Tuesday, from Wooler to Kelso, 24 miles. For six miles quite a plain, and a good view of Till Water for 15 miles. It overflows at times many hundreds of acres. They have been at a great expense in banking, and have secured themselves pretty well; it is only stagnant water by a flood, and does not carry off any soil, but improves it. From that till within four miles of Kelso High Lands, a great deal is taken in from Wark Commons and well improved. When nigh to Kelso, husbandry then shines every field; regular straight ridges, good fences, the land clean, and every department carried on to the purpose. All the way up the Tweed to Ancrum Bridge the tenants vie with each other. They, to be sure, have a tractable soil to work upon, and a very moderate quantity of lime or marI can work the land; still the farmers deserve credit, and are not outdone in any country or corner I ever yet saw. Were Mr Frost at Windsor to see farming here, he would repeat his hourly prayer, O Lord. Perhaps it may be said I am partial to my own country, but that I deny; any traveller who makes the same tour will agree with me.

Morpeth, Alnwick and Wooler: 2nd-3rd May

Alnwick Farmer's Folly DB

Alnwick – Farmer’s Folly

Sunday afternoon, from Morpeth to Alnwick, 20 miles. Still the soil is clay for a long way; when at Alnwick it is turnip soil. Nothing worth remarking this ride. For fifty miles back asses seem to be a great part of their stock. You cannot travel a mile any way but you meet with asses, either feeding on the road-side, or employed some way or other. They give the country a mean-like appearance. Alnwick is a small place, very irregularly laid out. The castle has been lately repaired. After twenty years work upon it on the outside, there is nothing very grand; but within it is very richly furnished and very fine paintings. The Duke of Northumberland stays here some months at a time. In conversing with some of the inhabitants, I found them rank democrats.

May 3rd.- Monday, from Alnwick to Wooler Haughhead, 16 miles. For six miles, very wild moor rocks, after that a pretty plain road. .Some hill and dale; good farming; some very renowned graziers on this stage. Nigh to Wooler Haugh-head, large farms and very fine stock are seen, and the very best breeds of sheep. This is a very good inn, but a very damp situation.

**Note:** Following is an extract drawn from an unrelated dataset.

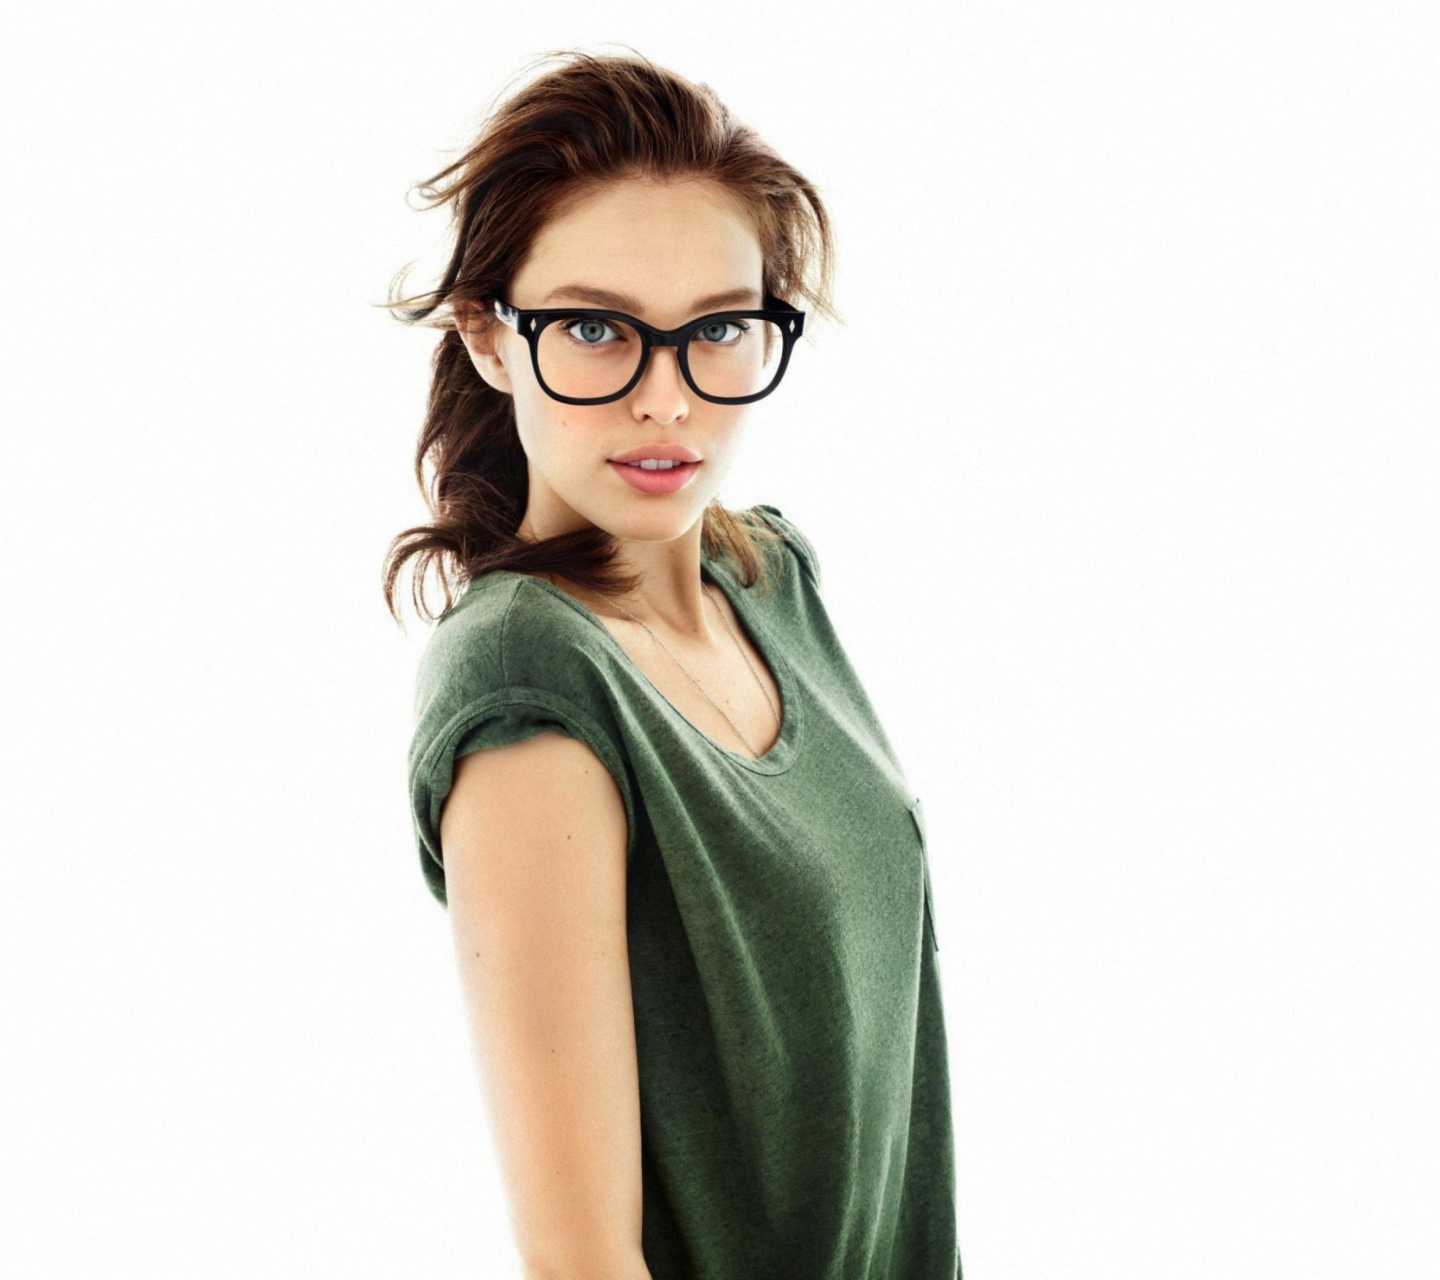 Very Cute Girl In Big Glasses screenshot #1 1440x1280

To Wooler, 1½ miles. Quite a level and good turnip soil. Wooler stands upon a bank head, a little off the water, a poor looking place, and of very bad access.

Newcastle: 1st May

Saturday.- From Sunderland to Newcastle, 12 miles; quite flat all the way; a very fine country. The soil-a yellow gravel, most of it – none of the richest, but well cultivated and well inclosed. Gateshead, south end of Newcastle bridge, was formerly very steep, banky road. They have altered the road by casting down houses, and have made a new street in a different direction, and now pretty easy. Newcastle bridge widening just now, an addition built to every pier, it will be 10 feet wider. Newcastle is much improved of late years in point of trade, and comfortable to its size, and is nowhere exceeded in Britain. The streets in some places are steep. The butcher market, which is a very large one, stand all in the street, which is a very great nuisance.

Newcastle Exchange SH3

Newcastle Exchange


From Newcastle to Morpeth, 15 miles. This stage is mostly a clay soil, but very well farmed. A great deal of wheat sown; the fences very much like ours in Scotland. Near to Morpeth the soil turns out very rich. Morpeth is a very large town; it is mostly one street, but very often some back lanes. Here they have a continual weekly market for fat cattle and sheep, as also for lean stock at certain seasons. Butchers from Newcastle, Shields, Sunderland, Durham, and many less places, provide themselves here. There is more fat stock here than at both Dalkeith and Edinburgh.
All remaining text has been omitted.